1‧‧‧roll-to-roll printing device

2‧‧‧ Delivery Unit

2R‧‧‧ Submit Volume

3‧‧‧printing unit

4‧‧‧ Winding unit

4R‧‧‧ Coil

20‧‧‧Ink supply member

30‧‧‧ Lamination

32‧‧‧Printing Department

40‧‧‧ version cylinder

60‧‧‧Pressed cylinder

72‧‧‧free volume

76‧‧‧Pressed cylinder actuator

78‧‧‧ tension sensor (tension detection device)

80‧‧‧ tension control device

82‧‧‧Bouncer

84‧‧‧beating actuator

85‧‧‧feed roll

B‧‧‧ substrate

C1 (s) ‧‧‧controller

C2 (s) ‧‧‧controller

d (t) ‧‧‧Interfering signal

GTr * (s) ‧‧‧ Ideal response of closed-loop system

M1 (s) ‧‧‧ mode

P1 (s) ‧‧‧transfer function

P2 (s) ‧‧‧transfer function

r (t) ‧‧‧ target reference input

u2‧‧‧beating actuator

FIG. 1 is a diagram showing an outline of each device constituting a roll-to-roll printing device and a transport path of a substrate (film).
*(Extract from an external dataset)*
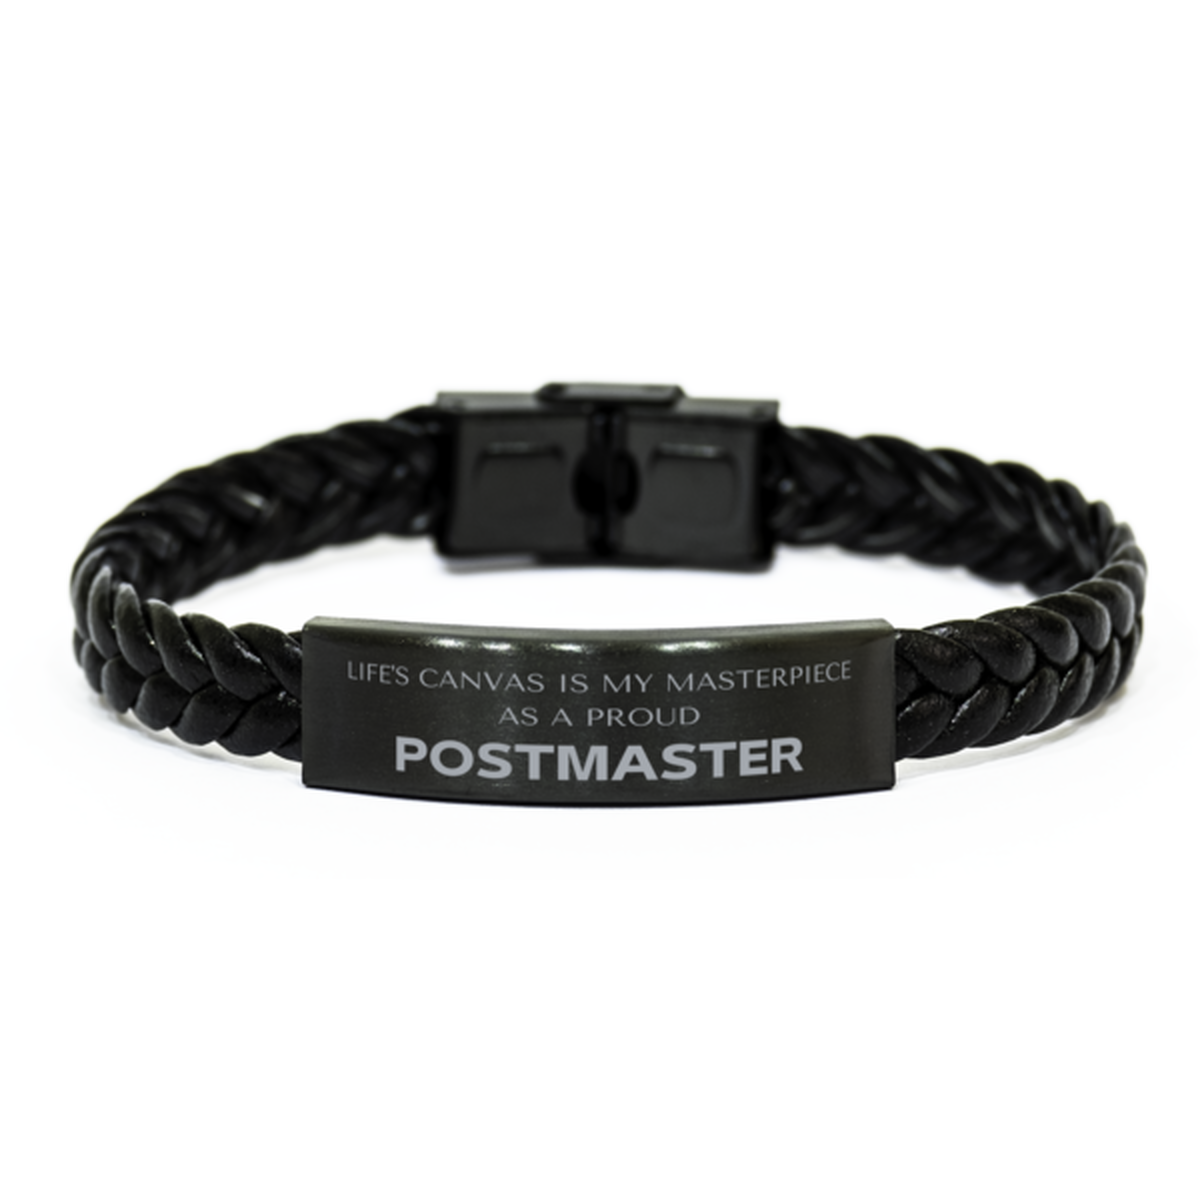 Proud Postmaster Gifts, Life's canvas is my masterpiece, Epic Birthday Christmas Unique Braided Leather Bracelet For Postmaster, Coworkers, Men, Women, Friends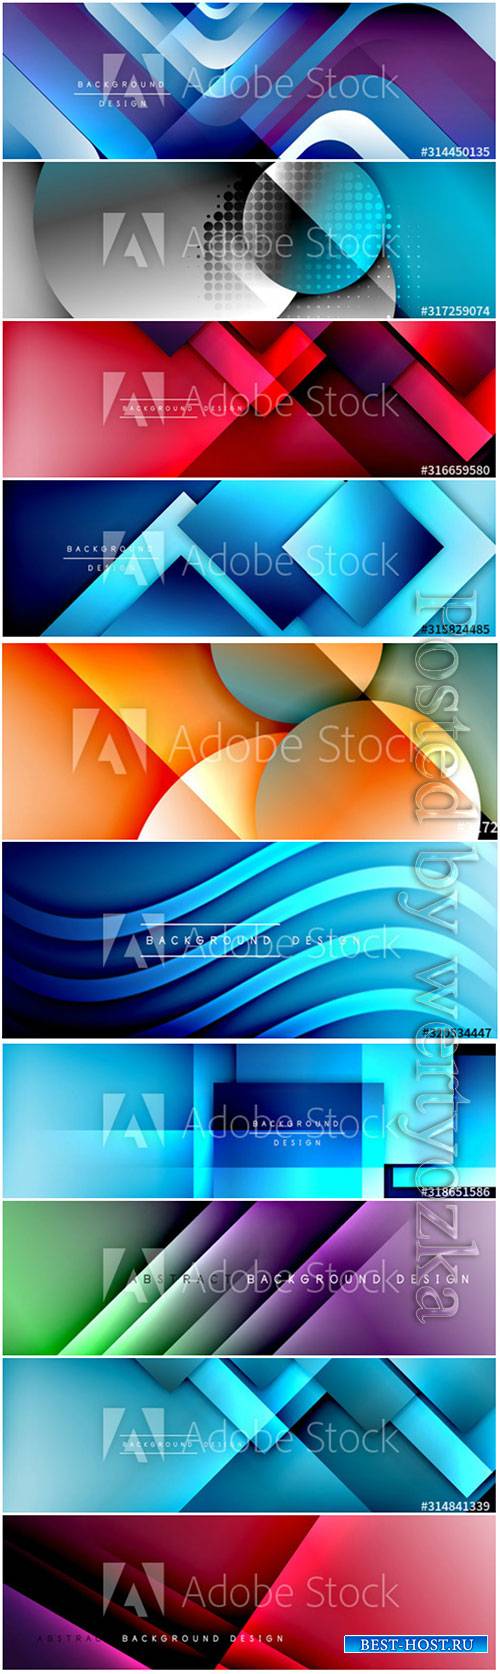 Geometric abstract background 3D effects vector illustrations

FIG. 2 is a diagram showing a control mode in the first method of heightening the tension control in the roll-to-roll printing apparatus. FIG. 3 is a diagram showing a control mode in a second method of heightening the tension control in the roll-to-roll printing apparatus. FIG. 4 is a diagram showing a control mode in a third method of heightening the tension control in the roll-to-roll printing apparatus.

Claims (3)

A roll-to-roll printing device is a device for seamlessly printing the above-mentioned substrate in a roll-to-roll manner. The printing device includes: a sending unit that sends out the substrate; and a printing unit that performs the above substrate sent from the sending unit. Printing; and a winding unit that winds the substrate printed by the printing unit; and includes: a drive roll that supplies the substrate to the printing section; a drive roll actuator that rotates the drive roll; An actuator arranged between the driving roll and the driving roll, changing the path length of the substrate to change the tension of the substrate; a tension detecting device that detects the tension of the substrate; and a tension control device, According to the detection result of the tension detection device, it controls the drive roll actuator and the jump actuator to compensate the tension variation of the substrate; and when the tension control device compensates the tension variation of the substrate, the above-mentioned drive is used. The coil actuator is roughly controlled, and the above-mentioned beating actuator is carefully controlled. For example, the roll-to-roll printing device of claim 1, wherein the above-mentioned jump actuator is disposed between two consecutive drive rolls. For example, the roll-to-roll printing device of claim 2, wherein the tension control device performs feedback control on the drive roll actuator of the drive roll disposed in front of the jump actuator through the runout actuator, and Feed-forward control is performed on the above-mentioned drive coil actuator of the above-mentioned drive coil, which is arranged at the rear stage of the bounce actuator.